Z góry przepraszam wszystkich forumowiczów, że swoją obecność na forum zaczynam od założenia tematu, ale uwierzcie mi, nakopałem się w internecie bardzo dużo, na tym forum również i nie znalazłem jednoznacznej odpowiedzi na moje pytanie.
Problem dotyczy mojej Madzi – 6, 2.0 (nie wiem jakie jest prawidłowe oznaczenie silnika więc nie będę strzelał), w dowodzie jest DIT 2.0, 121 koni, rok 2008, ostatnia w starej "budzie"
Przebieg 93 500 km
Dorzucam fotkę silnika, mam nadzieje, że powie to coś więcej.

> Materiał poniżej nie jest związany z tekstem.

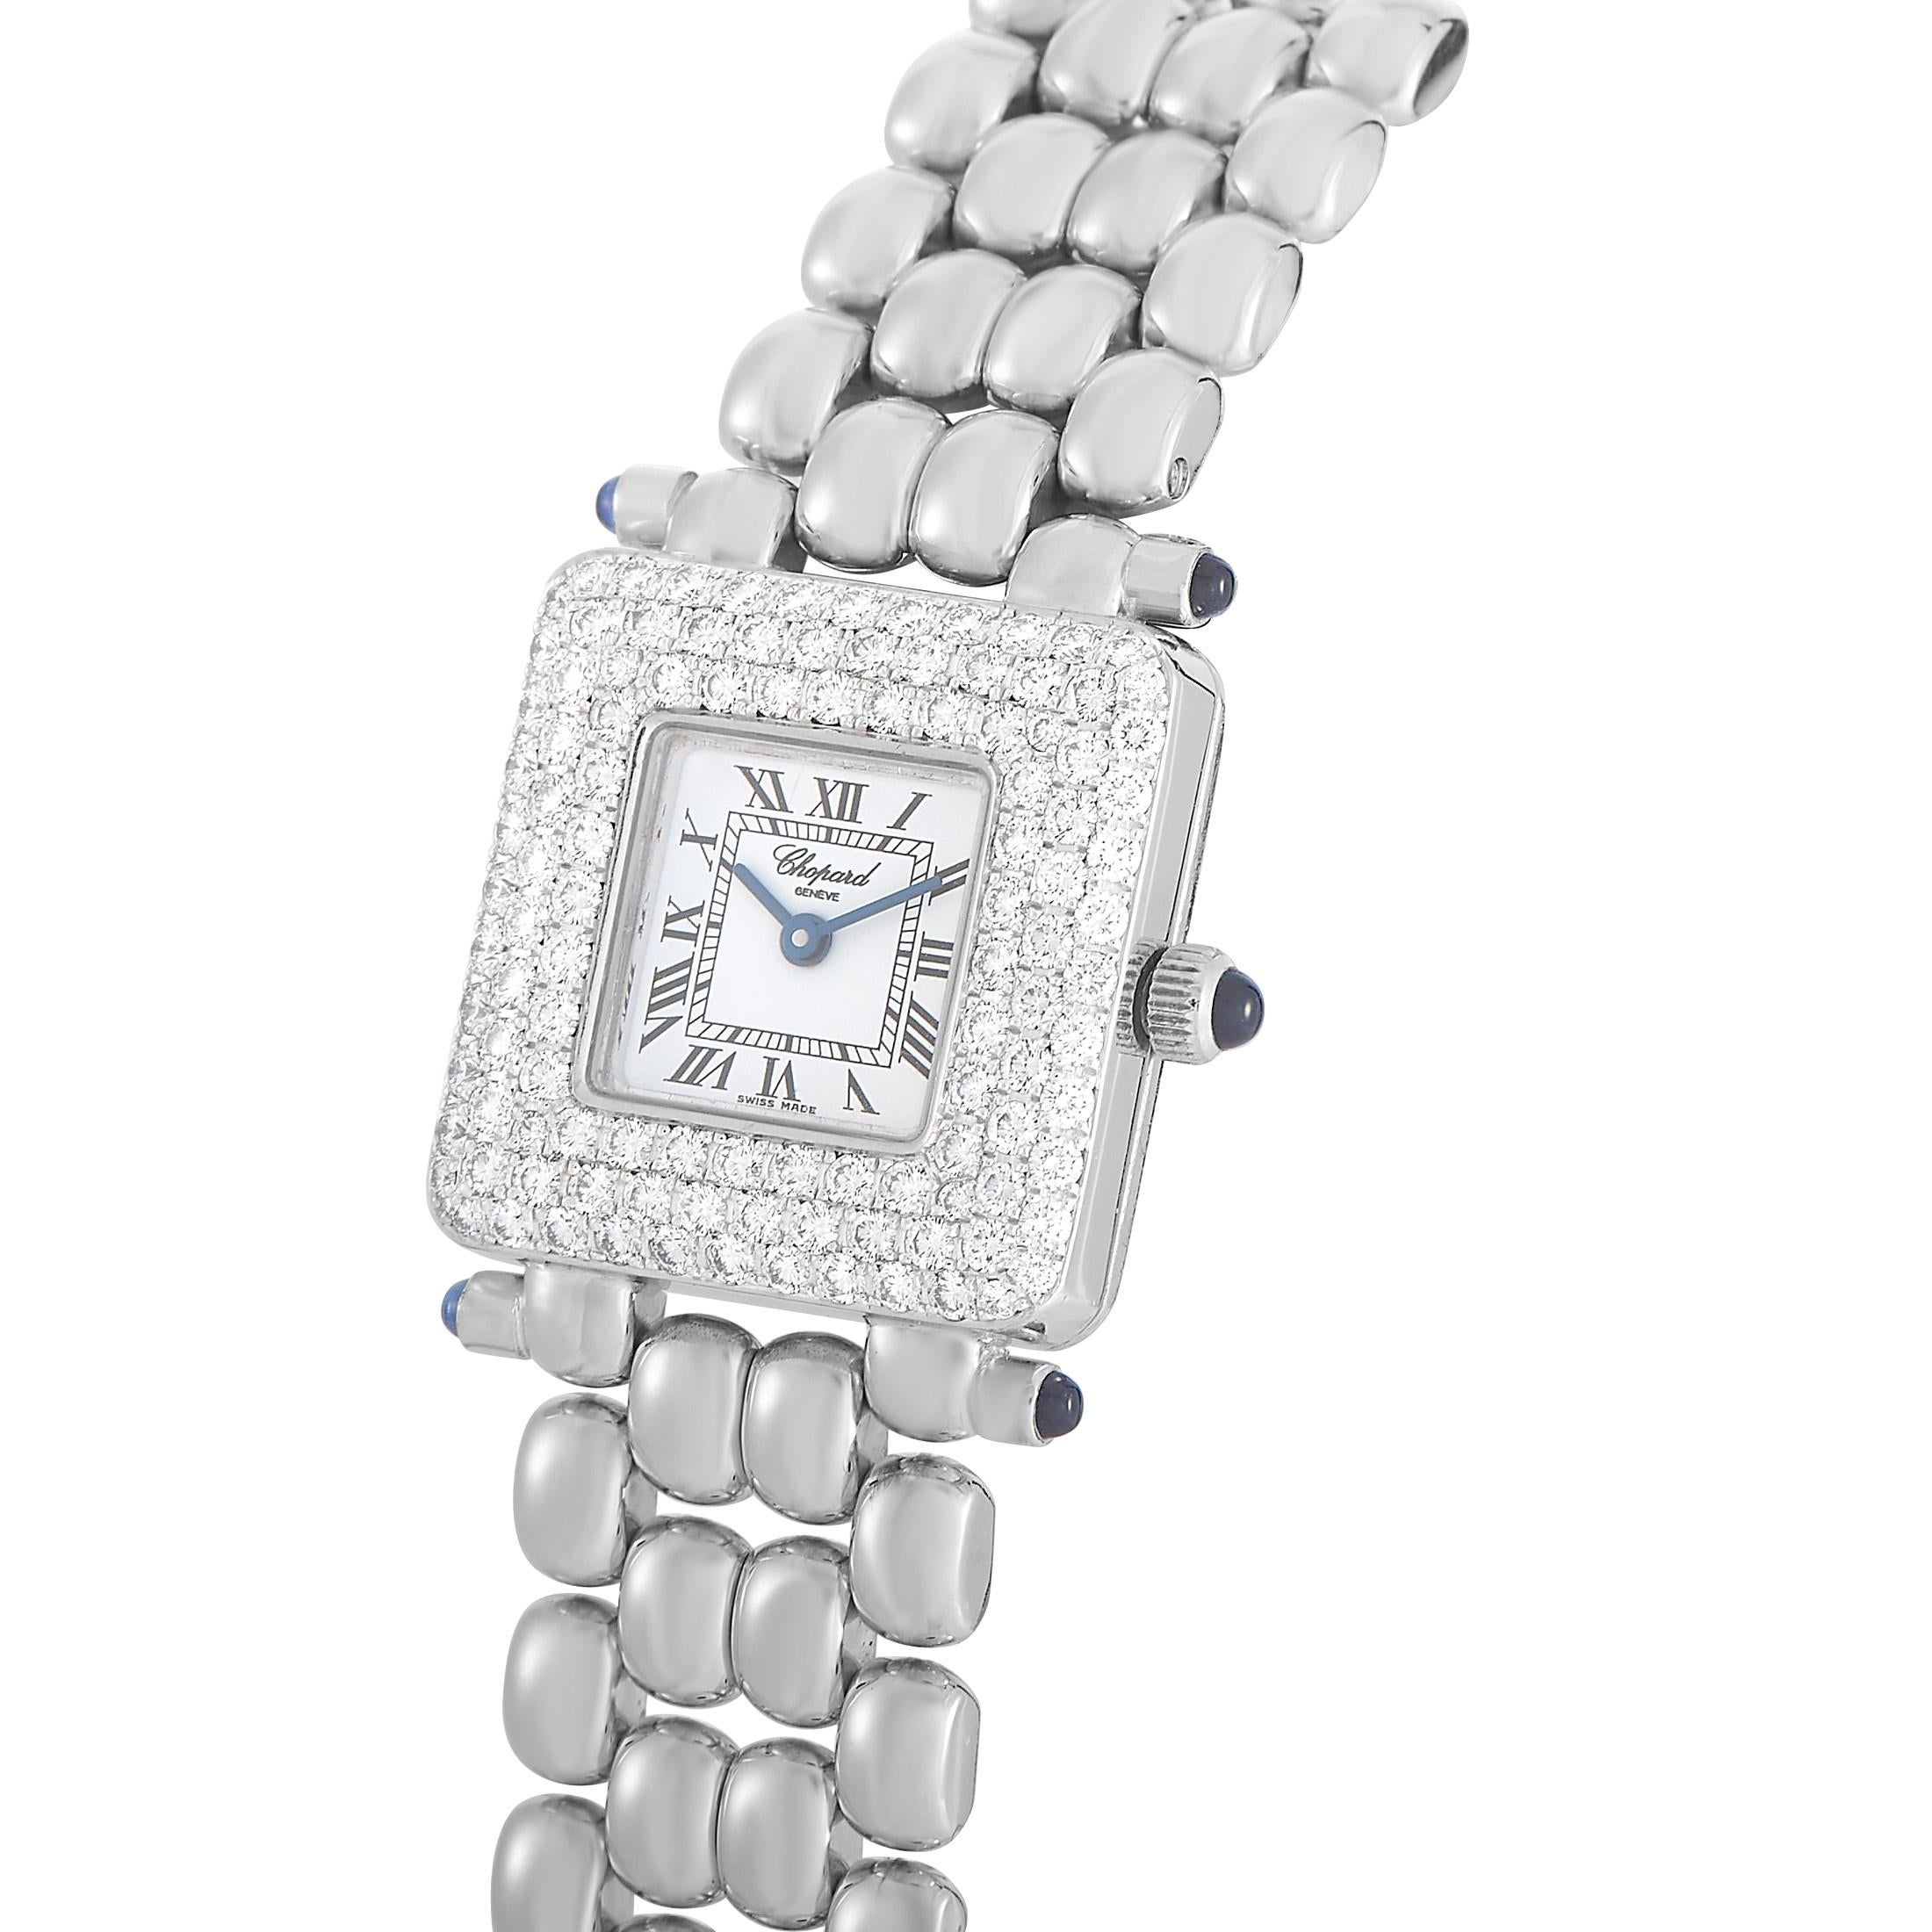 The Chopard Classic Diamond Watch, reference number 106115-23, is a chic timepiece that is at the pinnacle of luxury. 

This watch’s 28mm square case is crafted from 18K White Gold and adorned with rows of glittering diamonds. On the dainty white

[img=http://www65.zippyshare.com/thumb/55808335/file.html][/img]
Sytuacja jest o tyle dziwna, że ten dźwięk raz jest a raz go nie ma...
Występuję przede wszystkim na zimnym silniku, po rozgrzaniu czasami znika, czasami jest trochę cichszy, a żeby było zabawniej, to czasami w ogóle go nie ma pomimo zimnego silnika...
Chodzi o coś takiego jak w przypadku tego Tourana:
http://www.youtube.com/watch?v=O0axxAMzWpU
Brzmi to praktycznie identycznie, tyle, że u mnie raczej nie występuje na postoju i na "luzie"....
Jak mówiłem – czasami jest czasami nie ma... Pech polega na tym, że mieszkam obecnie w Szwecji, serwisuję Madzię w Szczecinie, do tej pory w aso przy salonie, ale jak się dowiedziałem ile zdzierają ponad normę to w czwartek zrobiłem przegląd w aso na Madalińskiego.
No i niestety, sytuacja tragi-komiczna.... Moja 6-ka chyba czuje kiedy ma uspokoić fochy i po tym jak mechanik wsiadł ze mną żeby wyłapać ten dźwięk to akurat go nie było.... Do domu 150 km, niestety wczoraj rano sytuacja zaczęła się od początku
Jedyne co zrobili to wysterowali wtryski. Po jeździe testowej (silnik ciepły) nie było słychać nic czyli diagnoza – raczej pomogło...
Na dodatek: na postoju zazwyczaj ten dźwięk nie występuje albo występuje z mniejszą intensywnością (jest znacznie słabszy), problem zaczyna się na przykład po wyjechaniu z garażu (zawsze czekam po uruchomieniu silnika 3-4 minuty zanim ruszę), jadąc przy 1500 obrotach dodaje gazu i słyszę stukanie aż do 2500... Później może się trochę uspokoić i znowu słyszę w momencie kiedy puszczam gaz i przytrzymuje obroty na 1500-1700.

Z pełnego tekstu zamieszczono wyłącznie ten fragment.